Principle of transformation groups

Last updated August 16, 2024

The principle of transformation groups is a methodology for assigning prior probabilities in statistical inference issues, initially proposed by physicist E. T. Jaynes.^[1] It is regarded as an extension of the principle of indifference.

Prior probabilities determined by this principle are objective in that they rely solely on the inherent characteristics of the problem, ensuring that any two individuals applying the principle to the same issue would assign identical prior probabilities. Thus, this principle is integral to the objective Bayesian interpretation of probability.

Motivation and Method Description

The principle is motivated by the following normative principle, or desideratum:

In scenarios where the prior information is identical, individuals should assign the same prior probabilities.

This rule is implemented by identifying symmetries, defined by transformation groups, that allow a problem to converted into an equivalent one, and utilizing these symmetries to calculate the prior probabilities.

For problems with discrete variables (such as dice, cards, or categorical data), symmetries are characterized by permutation groups and, in these instances, the principle simplifies to the principle of indifference. In cases involving continuous variables, the symmetries may be represented by other types of transformation groups. Determining the prior probabilities in such cases often requires solving a differential equation, which may not yield a unique solution. However, many continuous variable problems do have prior probabilities which are uniquely defined by the principle of transformation groups, which Jaynes referred to as "well-posed" problems.

Examples

Discrete case: coin flipping

Consider a coin with sides head (H) and tail (T). Denote this information by $I$ . For a given coin flip, denote the probability of an outcome of heads as $P(H|I)$ and of tails by $P(T|I)$ .

In applying the desideratum, consider the information contained in the event of the coin flip as framed. It describes no distinction between heads and tails. Given no other information, the elements "head" and "tail" are interchangeable. Application of the desideratum then demands that

P(H|I)=P(T|I)

.

As $\{H,T\}$ is the entire sample space, the probabilities must add to 1; thus

$P(H|I)+P(T|I)=1$ $\implies 2P(H|I)=1$ $\implies P(H|I)=0.5.$

This argument extends to N categories, to give the "flat" prior probability 1/N.

This provides a consistency-based argument for the principle of indifference: If someone is truly ignorant about a discrete or countable set of outcomes apart from their potential existence but does not assign them equal prior probabilities, then they are assigning different probabilities when given the same information.

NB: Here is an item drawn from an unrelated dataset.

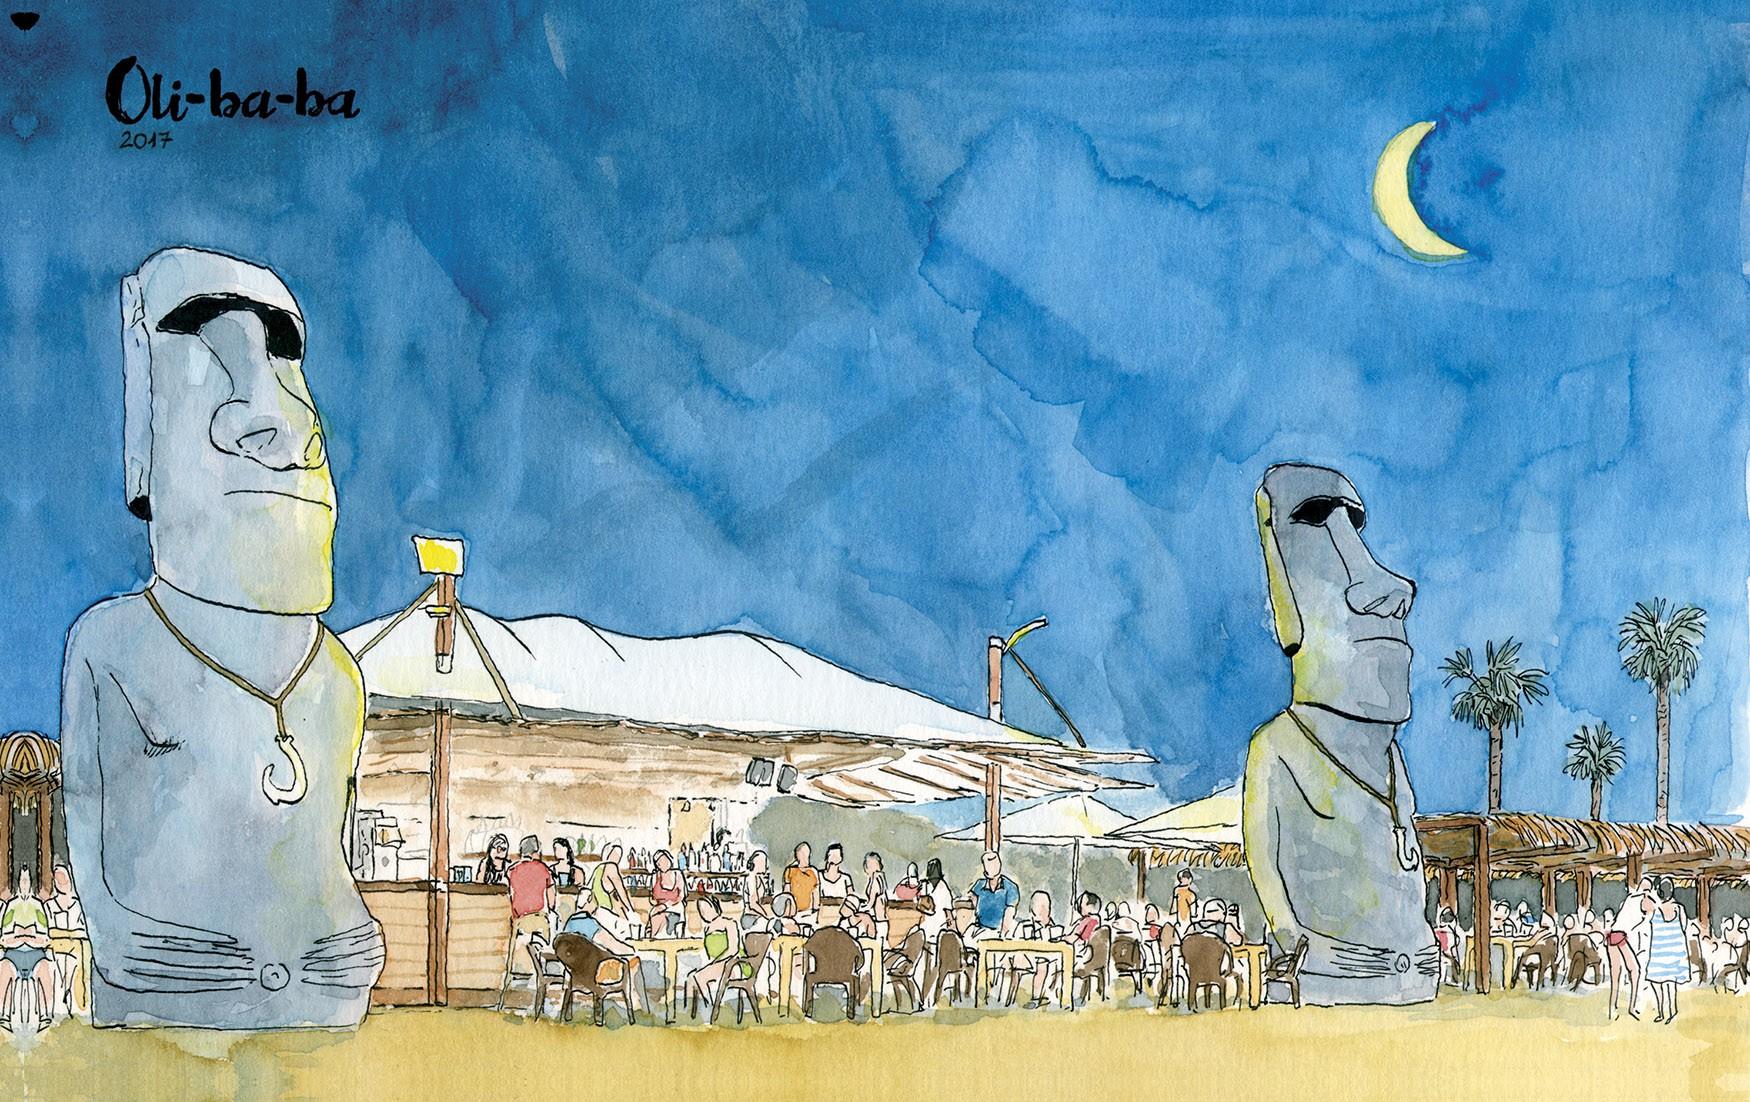 Ilustración de noche del beach club de la playa de Oliva Oliba-ba en la provincia de Valencia y comarca de la safor

Alternatively, this can be phrased as: someone who does not use the principle of indifference to assign prior probabilities to discrete variables, either has information about those variables, or is reasoning inconsistently.

Continuous Case: Location Parameter

This is the easiest example for continuous variables. It is given by stating one is "ignorant" of the location parameter in a given problem. The statement that a parameter is a "location parameter" is that the sampling distribution, or likelihood of an observation X depends on a parameter $\mu$ only through the difference.

p(X|\mu ,I)=f(X-\mu )

for some normalized probability distribution $f(\cdot )$ .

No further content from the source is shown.